Ice cream is one of my guilty pleasures, and I’ve been eyeing this key lime pie ice cream recipe for a while. Be sure to use real key limes for this frozen treat. I was intrigued and delighted to see this recipe, which doesn’t include additional sugar or even require any cooking! Most custard- or cream-based ice cream recipes require heating a mixture of egg yolks, cream, and sugar. This recipe couldn’t be any easier to make, and the sweet-tart flavor of the key lime juice against the graham cracker crumbs really does taste like cool, refreshing key lime pie!
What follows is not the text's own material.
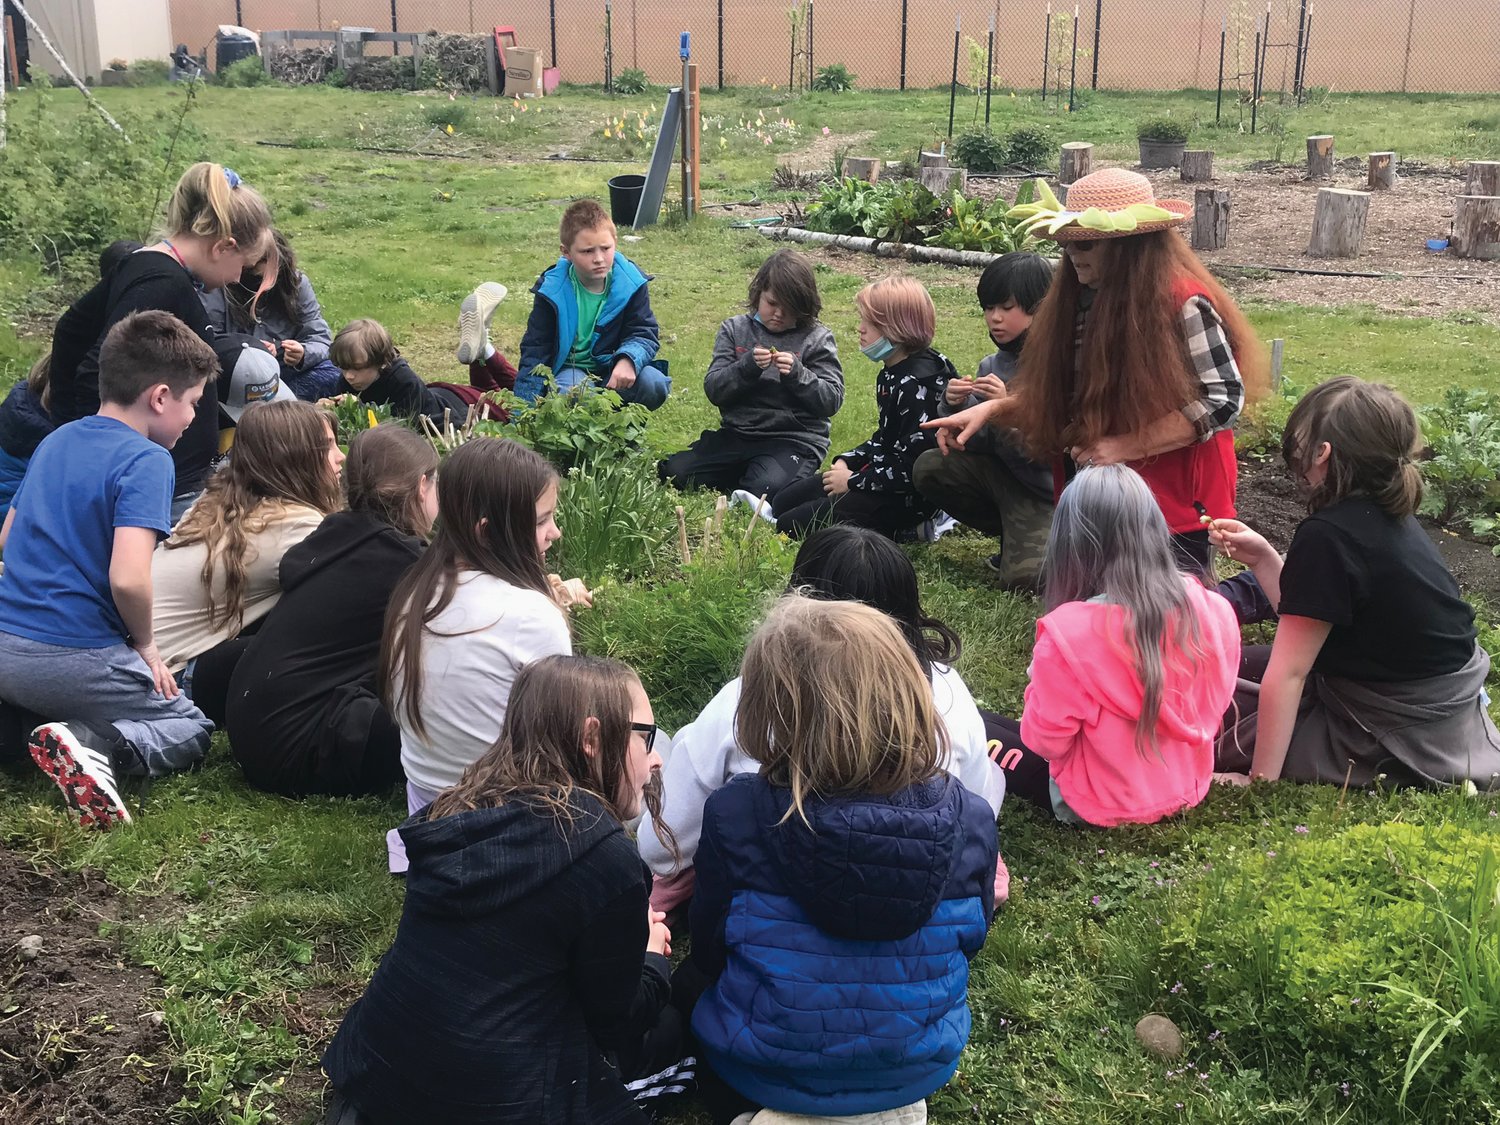 Students learn about culinary and medicinal herbs with guest herbalist Shatoiya De La Tour. Photo courtesy of Chimacum Elementary School.

Source: Key Lime Pie Ice Cream, Cooking Light
1 ½ cups 2% reduced-fat milk
½ cup fresh or bottled Key lime juice (such as Nellie and Joe's)
½ cup whipping cream
Dash of salt
1 (14-ounce) can fat-free sweetened condensed milk
6 graham crackers (1 ½ cookie sheets), coarsely crushed, divided
Key lime wedges (optional)
Combine first 5 ingredients, stirring with a whisk. Pour mixture into freezer can of an ice-cream freezer, and freeze according to manufacturer's instructions. Stir ⅓ cup graham crackers into ice cream. Spoon ice cream into a freezer-safe container, and cover and freeze for 1 hour or until firm. Sprinkle each serving with 1 teaspoon graham crackers. Garnish with lime wedges, if desired.